A bunch of fragments! Azure Media Services, the underlying service that underpins the player hosted on a docs.microsoft.com page, is not giving the full URL, but rather doing the smart thing and pre-buffering only the necessary parts (that is, within immediate play reach). The fragments are still MP4 chunks, but they can’t be played standalone if you copy and paste the URL - they need to be assembled together.

Screenshot of MP4 fragments in the browser

This is all fine and dandy, but I still need to cut a part of the whole video for my project. Let’s dig more! When Azure Media Services first starts playing the video, it downloads a manifest that contains all the necessary information for streaming.

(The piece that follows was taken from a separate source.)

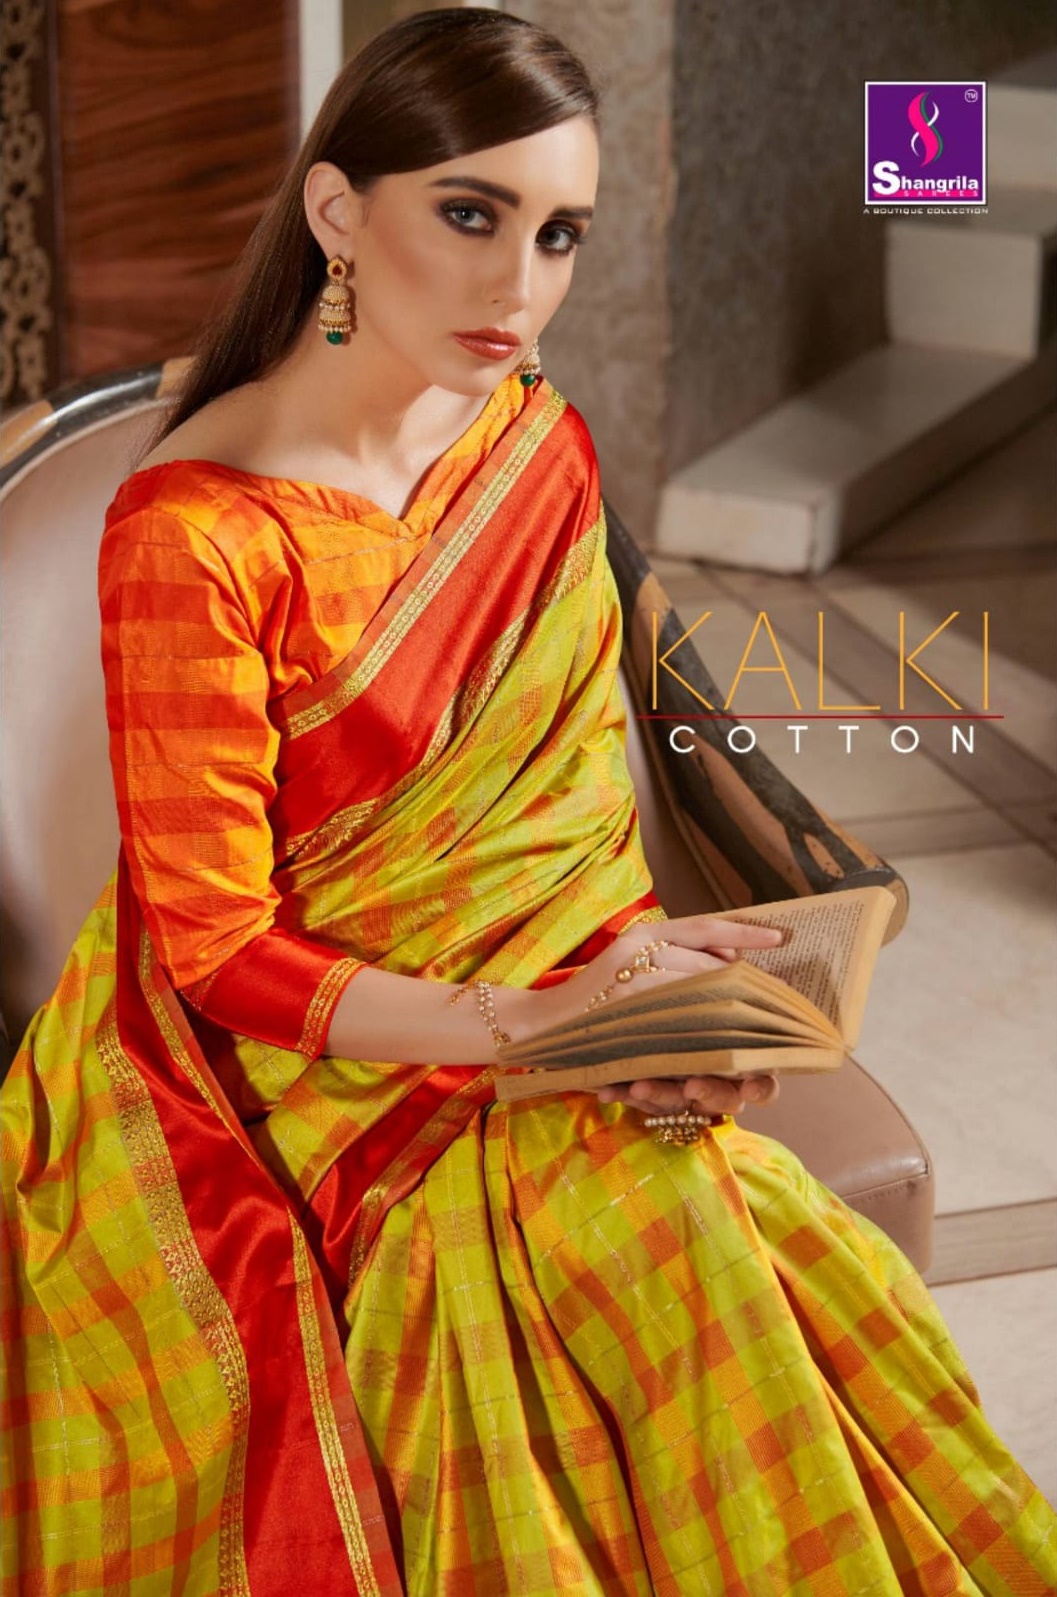 Shangrila Sarees Kalki Cotton Checks Printed Weaving Sarees ...

Again, a very calculated and smart thing, because the manifest contains different streaming preferences depending on the device, bandwidth, and allows packaging information about supported audio tracks.

If I look back at the video I am trying to get, the manifest request can be extracted from the browser’s Network inspector, and ends up being the following:

https://amsmediusw-ak.studios.ms/e62c1901-db57-413c-839a-7868389de4f1/STUDIO104.ism/manifest(format=mpd-time-csf)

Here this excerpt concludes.